While serving as a minor palace official in 814, Bai managed to get himself in official trouble. He made enemies at court and with certain individuals in other positions. It was partly his written works which led him into trouble. He wrote two long memorials, translated by Arthur Waley as "On Stopping the War", regarding what he considered to be an overly lengthy campaign against a minor group of Tatars; and he wrote a series of poems, in which he satirized the actions of greedy officials and highlighting the sufferings of the common folk.

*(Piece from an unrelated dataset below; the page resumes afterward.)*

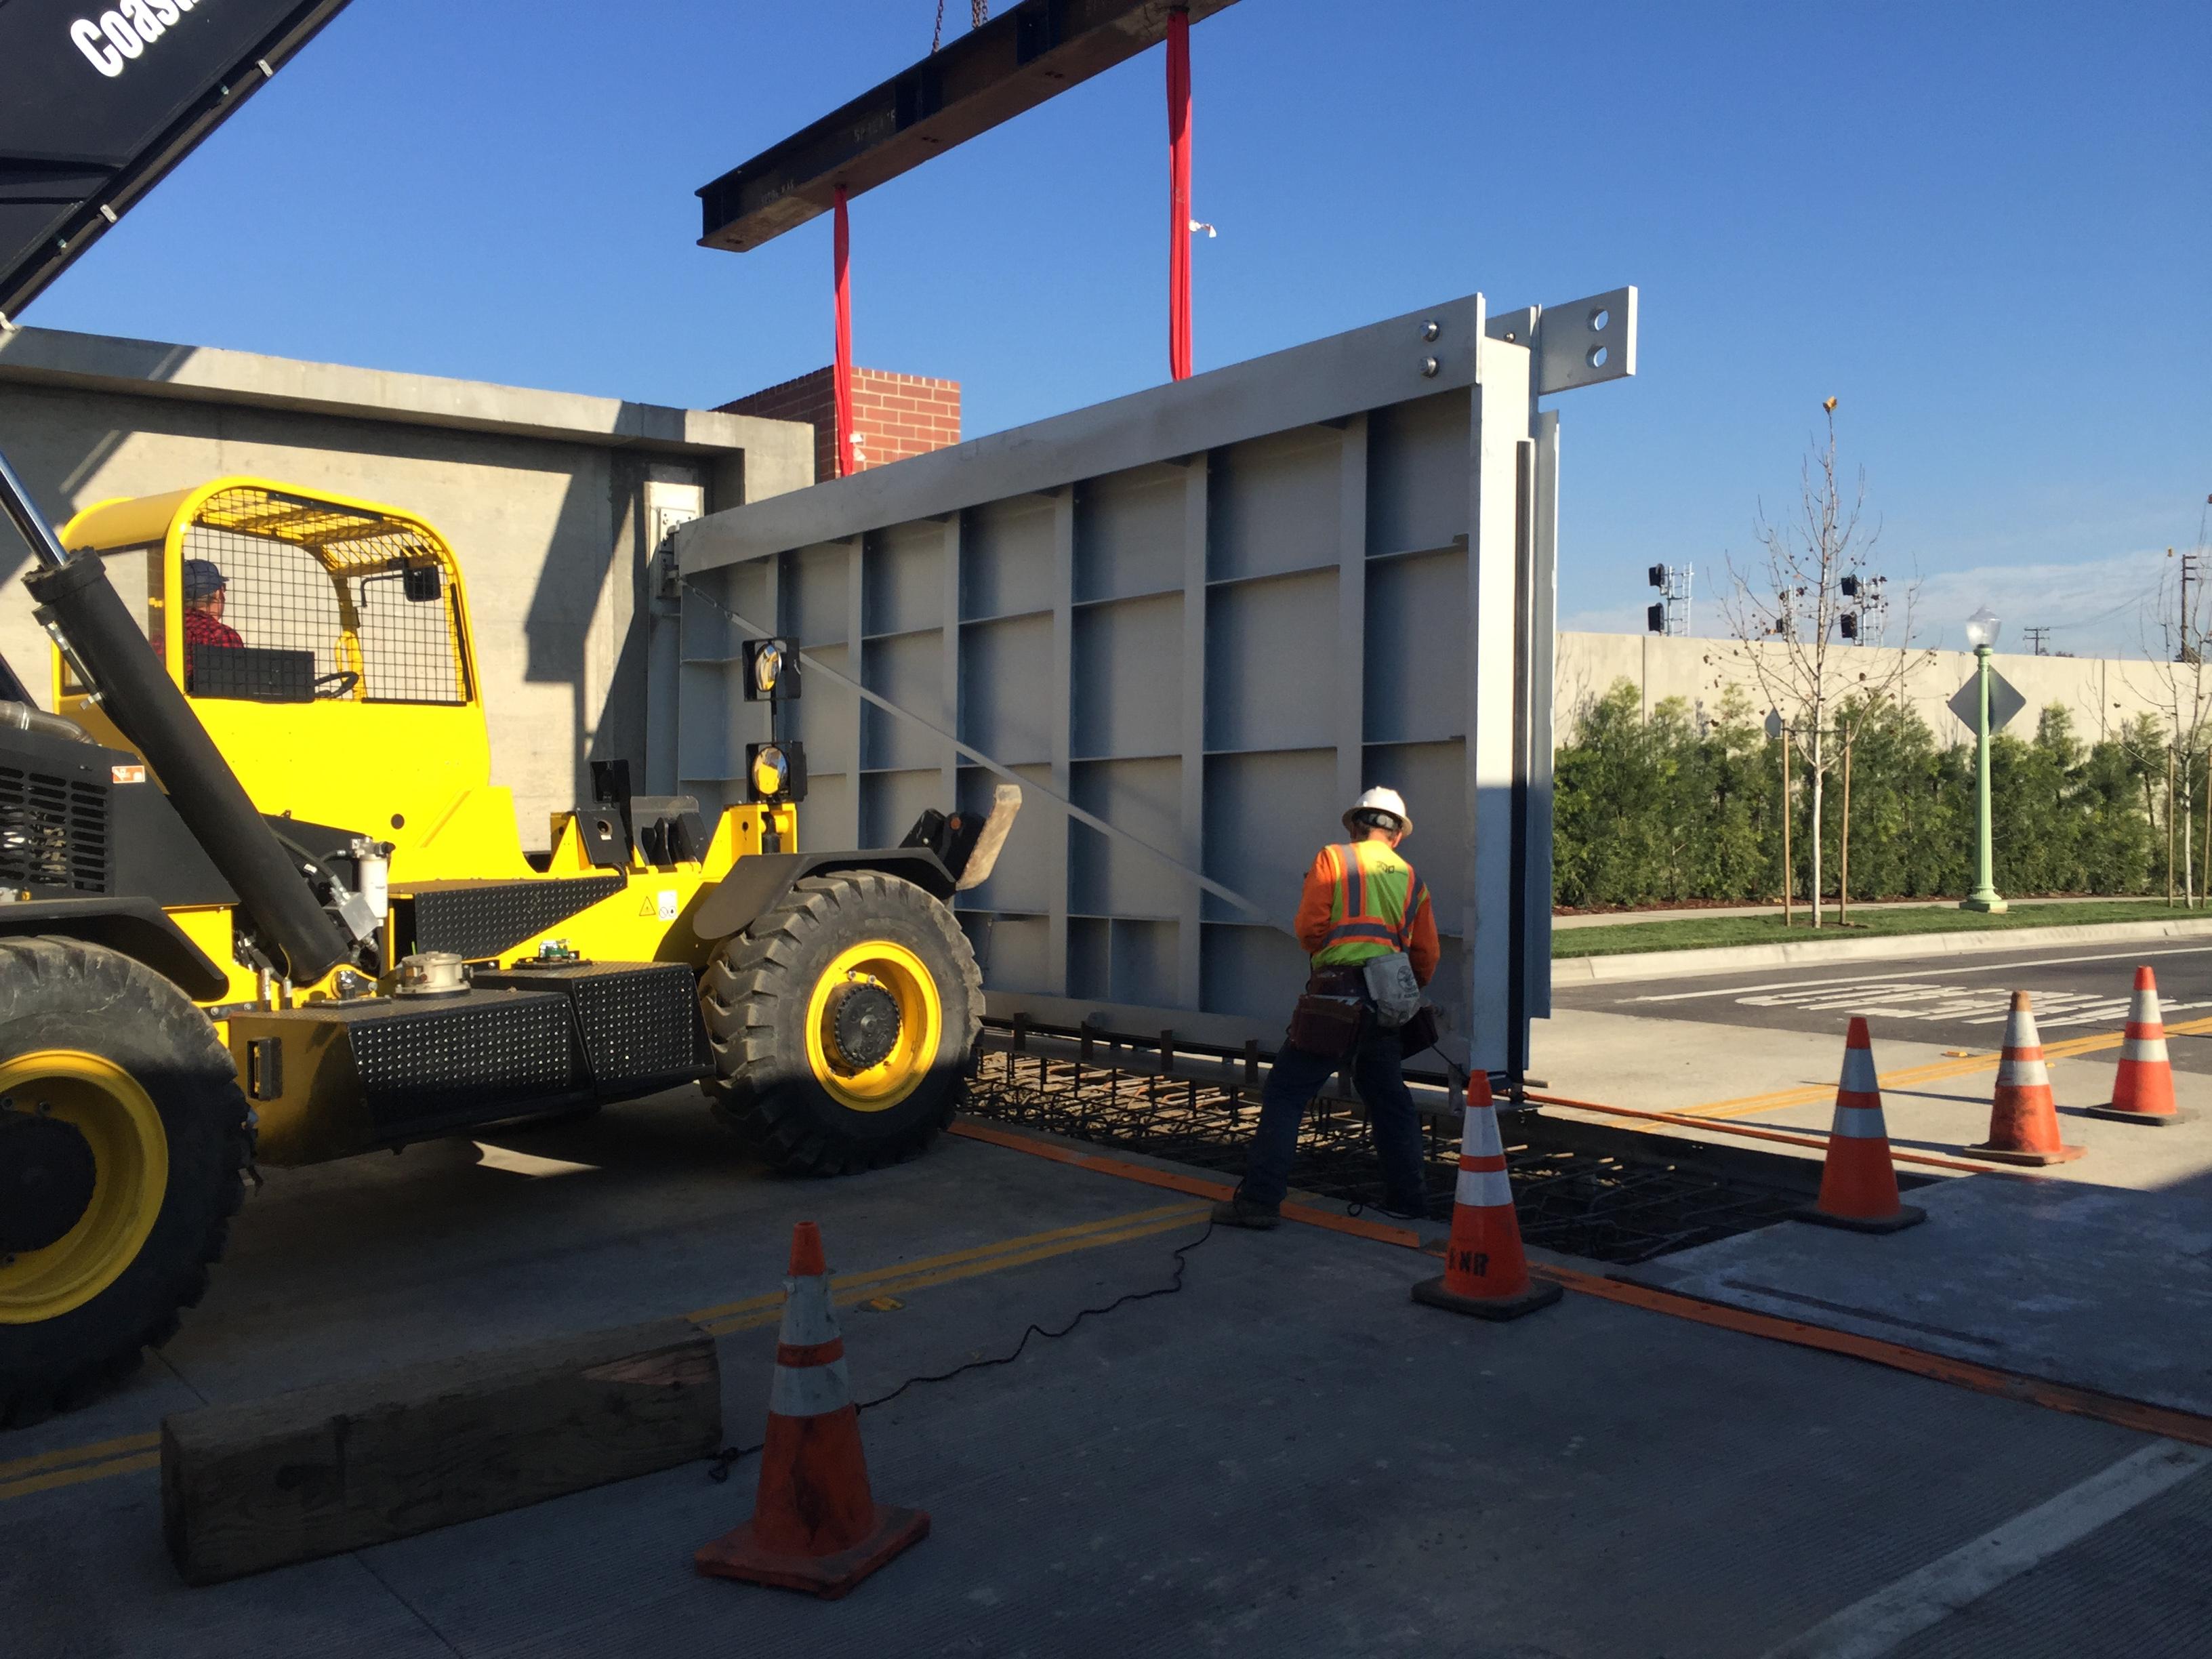 Walz & Krenzer Flood Barrier installed in McKinley Village, Sacramento CA

At this time, one of the post-An Lushan warlords (jiedushi), Wu Yuanji in Henan, had seized control of Zhangyi Circuit (centered in Zhumadian), an act for which he sought reconciliation with the imperial government, trying to get an imperial pardon as a necessary prerequisite. Despite the intercession of influential friends, Wu was denied, thus officially putting him in the position of rebellion. Still seeking a pardon, Wu turned to assassination, blaming the Prime Minister, Wu Yuanheng, and other officials: the imperial court generally began by dawn, requiring the ministers to rise early in order to attend in a timely manner; and, on July 13, 815, before dawn, the Tang Prime Minister Wu Yuanheng was set to go to the palace for a meeting with Emperor Xianzong. As he left his house, arrows were fired at his retinue. His servants all fled, and the assassins seized Wu Yuanheng and his horse, and then decapitated him, taking his head with them. The assassins also attacked another official who favored the campaign against the rebellious warlords, Pei Du, but was unable to kill him. The people at the capital were shocked and there was turmoil, with officials refusing to leave their personal residences until after dawn.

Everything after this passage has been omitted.